The CIA assessment specifically points to links between members of the spy service, the Directorate for Inter-Services Intelligence, or ISI, and the militant network led by Maulavi Jalaluddin Haqqani, which American officials believe maintains close ties to senior figures of Al Qaeda in Pakistan’s tribal areas.

The CIA has depended heavily on the ISI for information about militants in Pakistan, despite longstanding concerns about divided loyalties within the Pakistani spy service, which had close relations with the Taliban in Afghanistan before the Sept. 11 attacks.

This is not new, but is useful when juxtaposed with the conclusions of the new and very useful Rand Corporation report on how to end terrorism.

While the central argument of the study is to make police work and intelligence the backbone of the counterterrorism efforts, it also argues strongly for a greatly reduced U.S. military presence and overall reduced footprint abroad.

Counterterrorism Blog: What Pakistan’s Intelligence Ties Say About Ending the War on Terrorism.

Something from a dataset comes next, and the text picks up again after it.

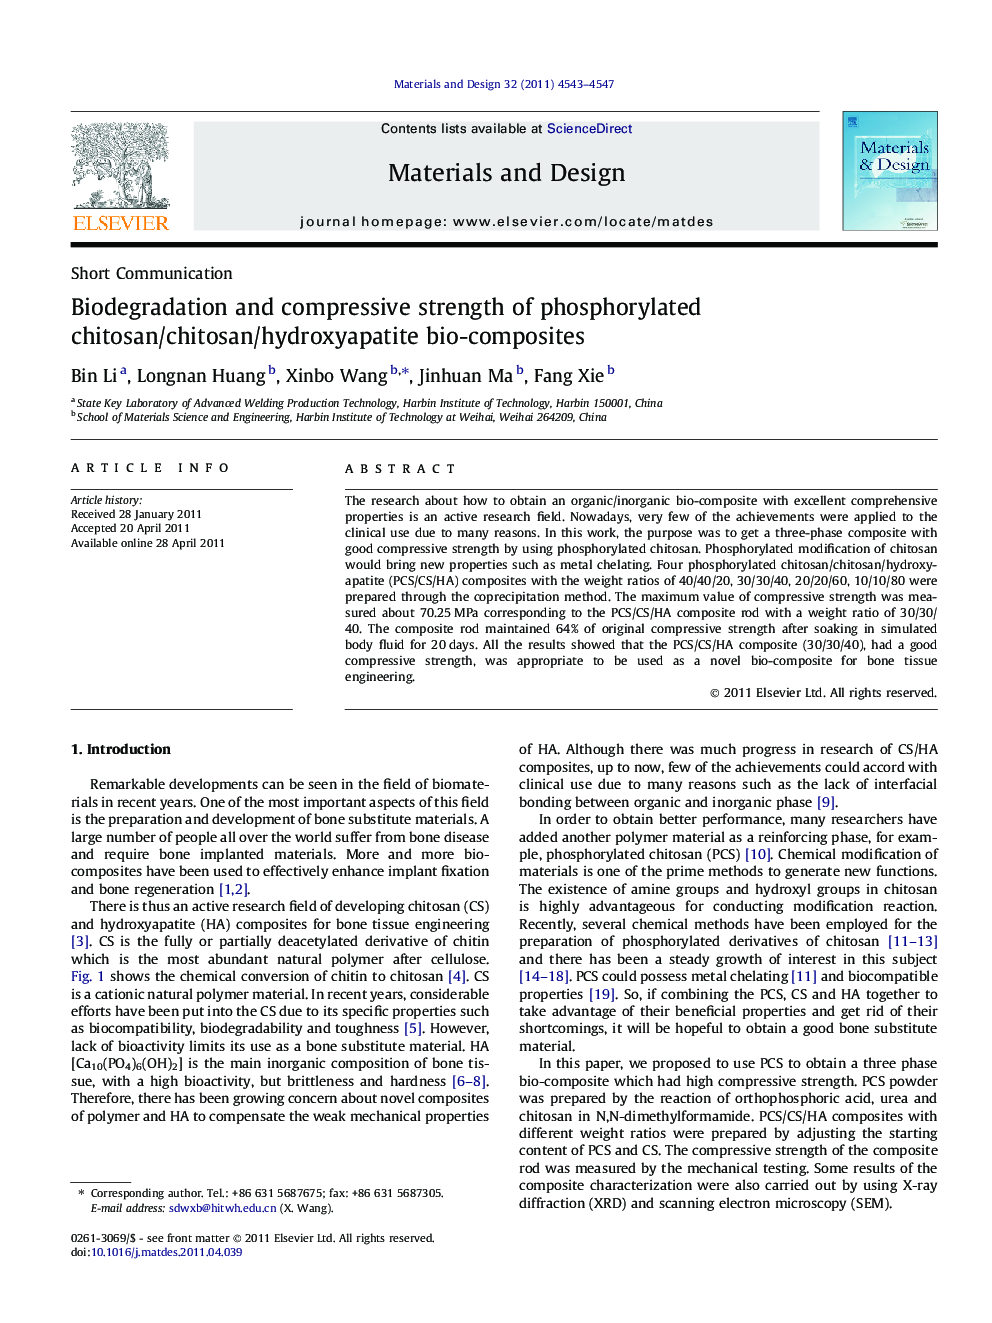 Biodegradation and compressive strength of phosphorylated chitosan/chitosan/hydroxyapatite bio-composites
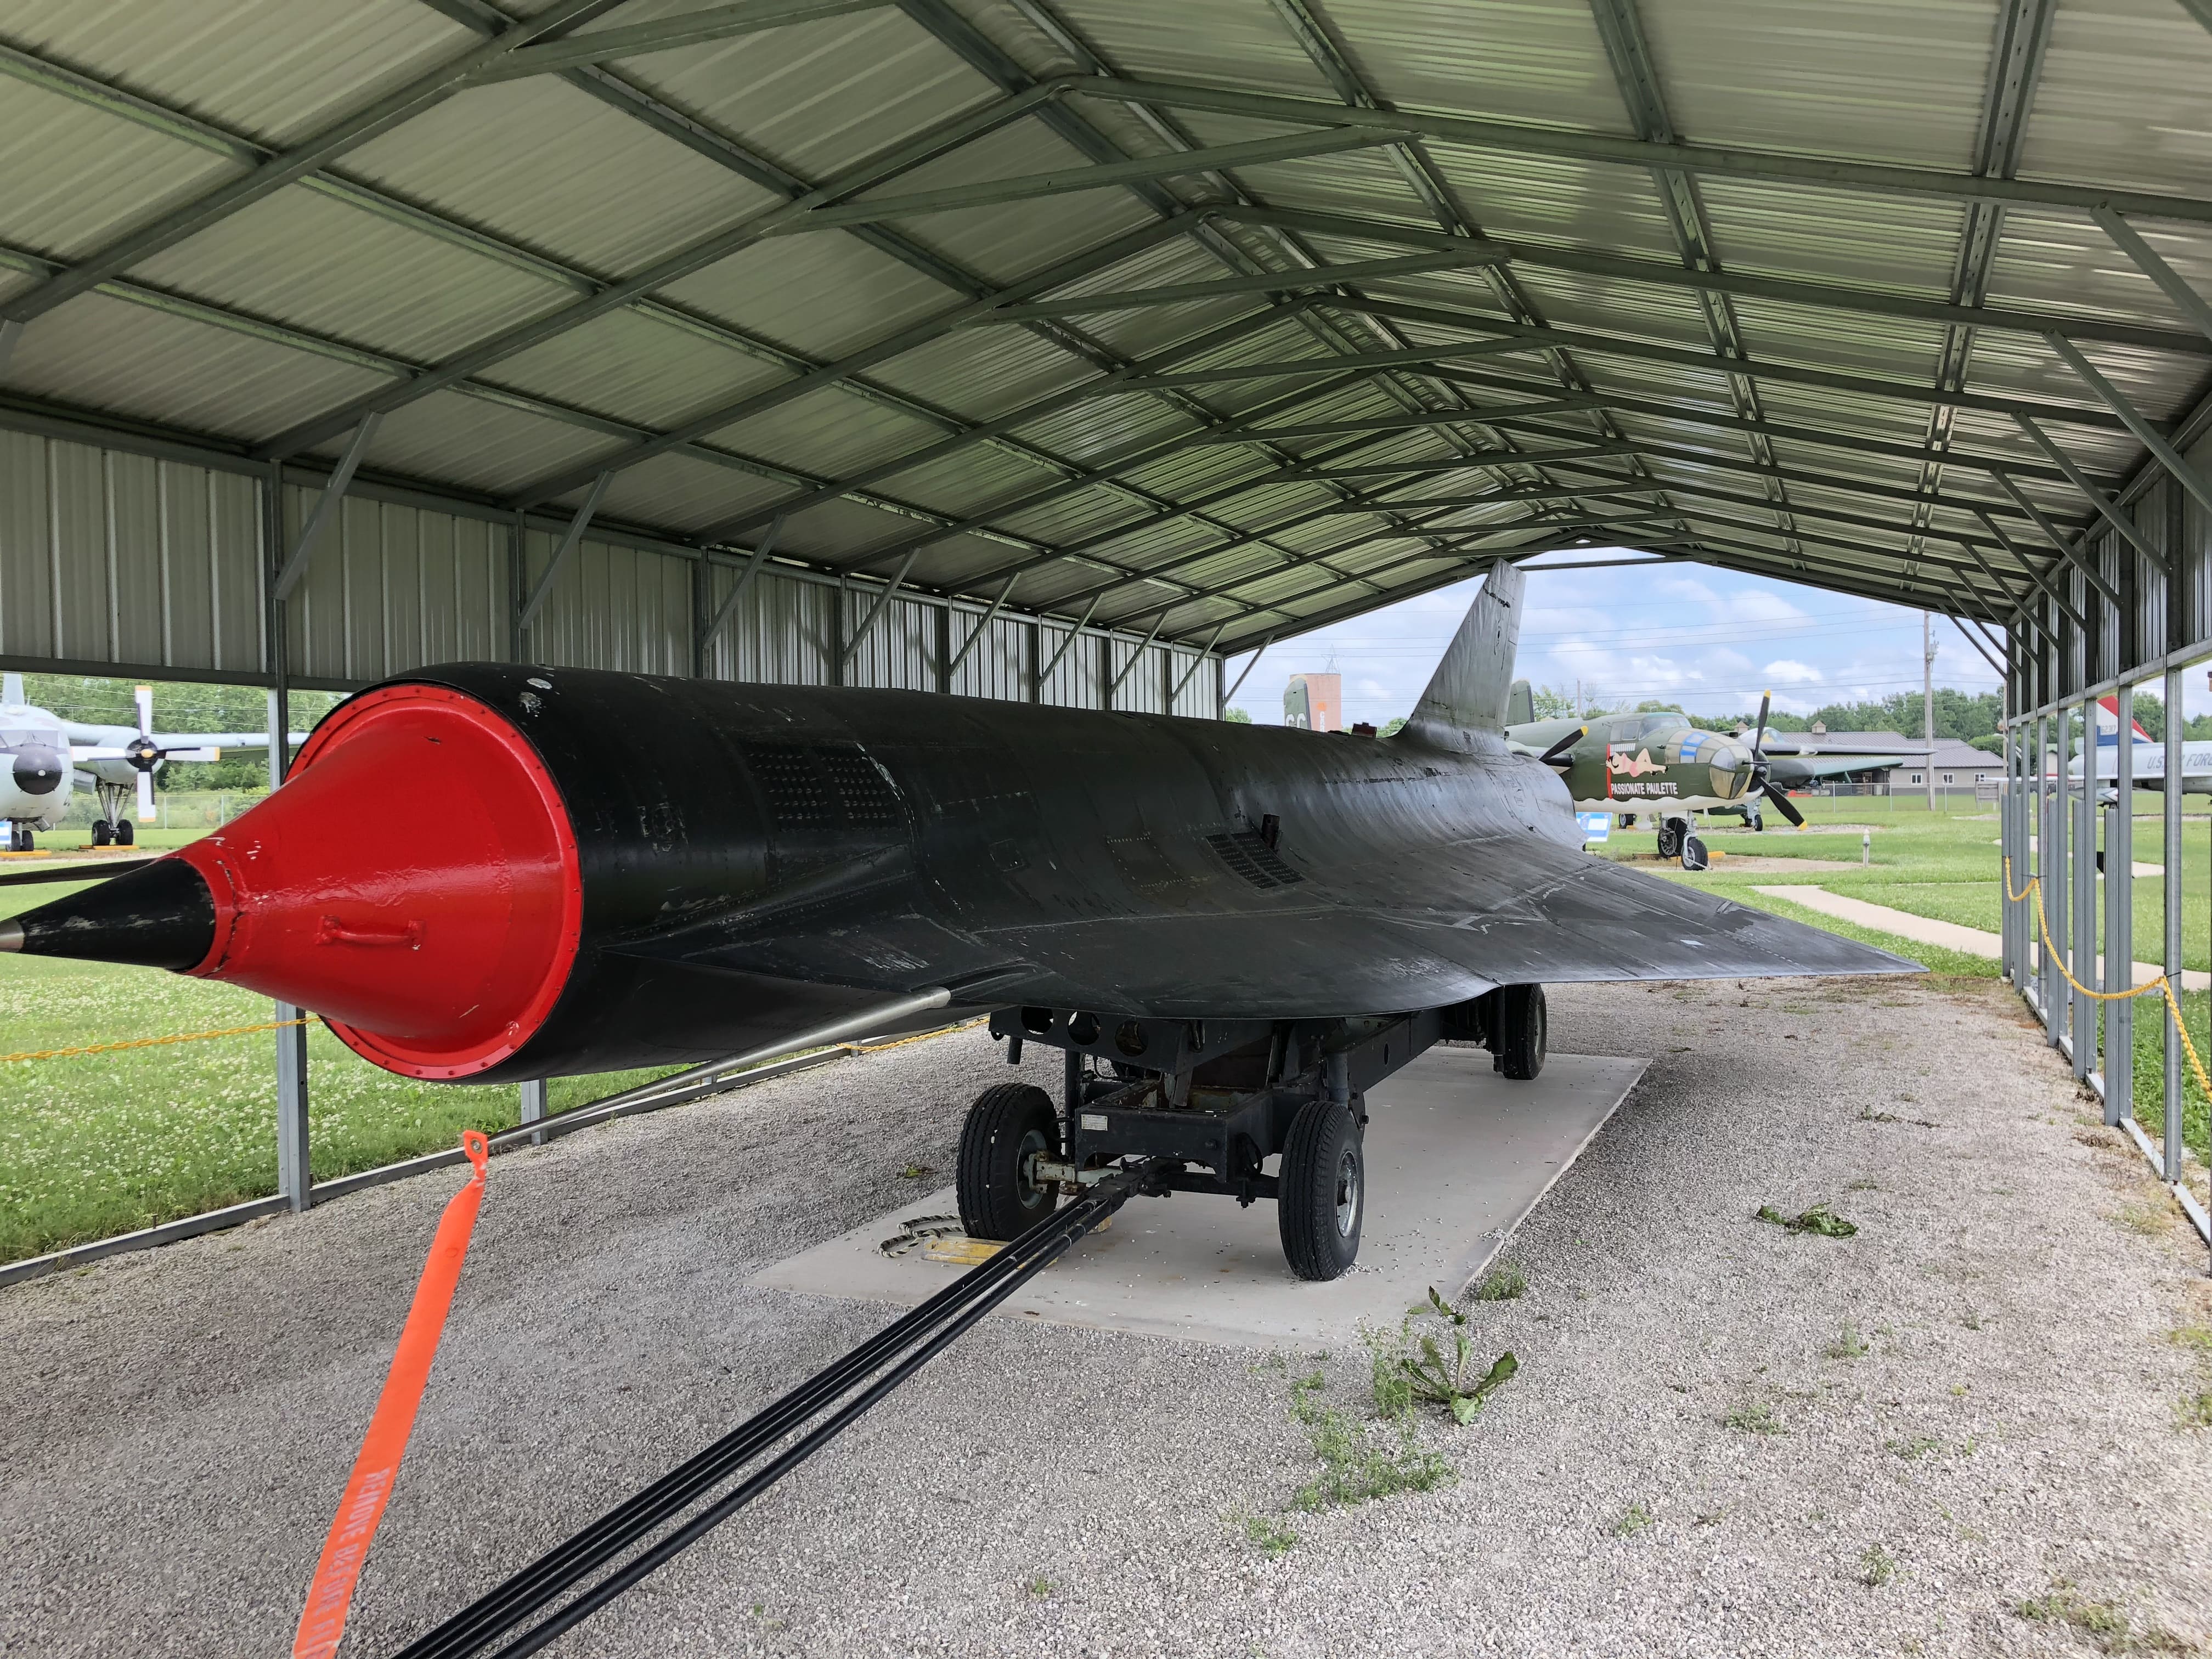 GTD-21 TAGBOARD – Air Museum

And in the meantime, Bush is praising “Pakistan as an ally on counterterrorism”. I’m not surprised that there are people who consider that Bush’s GWOT is off target. That same Rand Corporation report says:

The analysis focuses on a little-studied aspect of what one might call a terrorist group’s “life cycle.” Examining 648 historical cases of terrorist groups between 1968 and 2006 and their eventual ends, the report concludes that most groups end because they are either incorporated into the political process (43 percent) or are eliminated through police and intelligence services seizing or killing group leaders (40 percent).

“In most cases, military force is too blunt of an instrument and ineffective at ending terrorist groups,” says Jones, a well-known Rand expert on Afghanistan who is also an adjunct political science professor at Georgetown University’s School of Foreign Service.

For one thing, they point out, a major American military role sets the stage for a backlash. “The U.S. military can play a critical role in building indigenous capacity but should generally resist being drawn into combat operations in Muslim countries, where its presence is likely to increase terrorist recruitment,” Jones and Libicki wrote.

Interesting thing… But according to the ISI involvement with Taliban and Islamist terrorists (they have been used against India), who is really recruiting those terrorists? And if Pakistan is soooo good an ally, why CIA has pointed out those plots between members of ISI and Taliban terrorists? Wouldn’t that be a real violation of other people’s territory? What is more: the result of those “talks” between Pakistani Government and the Taliban are already on the table:

Pakistan’s talks with extremists have resulted in a 40 percent rise in rebel activity in Afghanistan, the NATO force said Wednesday, as authorities reported a British soldier had been killed.

Yes, Pakistan is a great ally.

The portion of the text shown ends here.